To read the full warning from the FDA to Opternative, click here


In its statement, Opternative said: “Opternative has been working closely with the FDA since the first days of our company and we are continuing to work closely with the agency. We responded promptly to FDA's warning letter from October 2017 and we are working diligently to voluntarily comply with all regulatory requirements. We share the FDA's commitment to protecting patients and helping consumers access safe and reliable health services. As our company and technology has evolved and improved, we have worked diligently with the FDA to keep them up to date on all the ways we are working to help consumers every day.”
 
The warning letter was heralded as a victory by the American Optometric Association (AOA), which says it reflects the very points that it first broached in a 2016 complaint to the FDA regarding Opternative's lack of a premarket approval prior to marketing, and lack of a formal FDA review of the product's safety and efficacy.
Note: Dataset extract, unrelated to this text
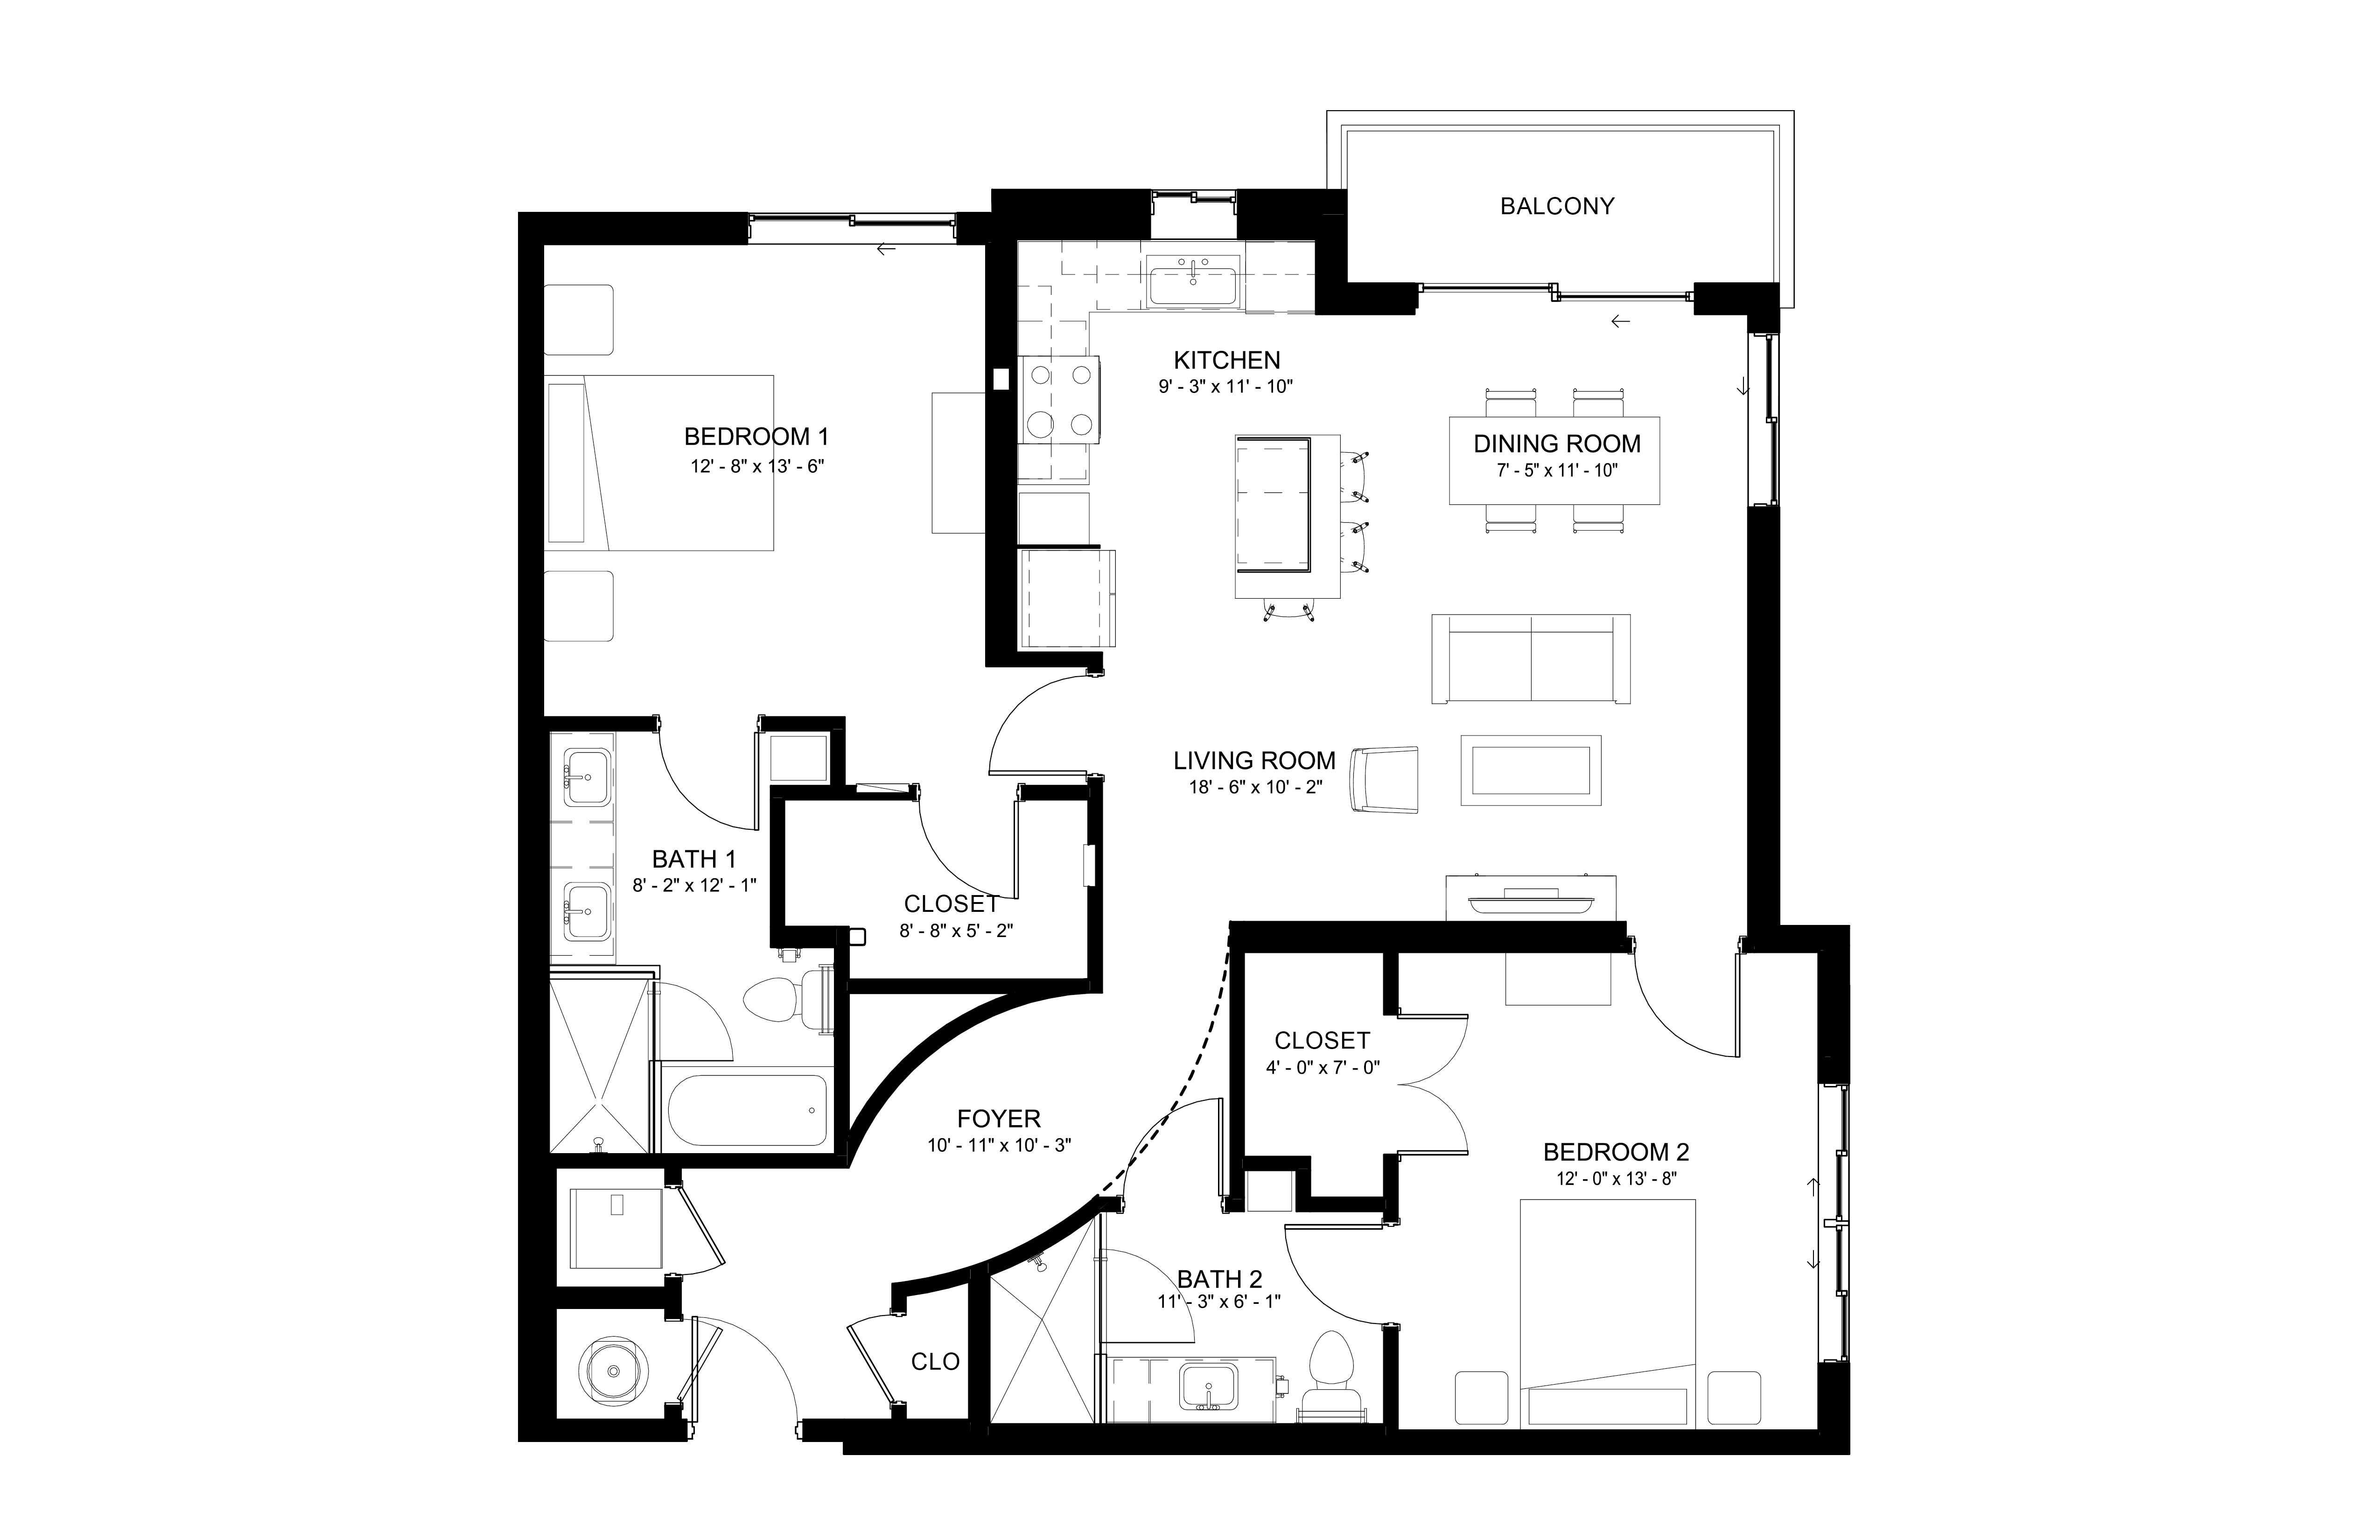 Apartment 112 floorplan

The AOA has been very vocal in its opposition to Opternative. To read a synopsis of the AOA’s complaints about Opternative, click here.
 
According to a news story on FierceBiotech.com, the Opternative/FDA case "has parallels with the FDA’s interactions with 23andMe, which brought consumer-targeted genetic tests to market without getting clearance from the agency and then responded tardily when regulators scrutinized its operation. 23andMe eventually resolved the standoff but only after revising its approach to regulatory interactions."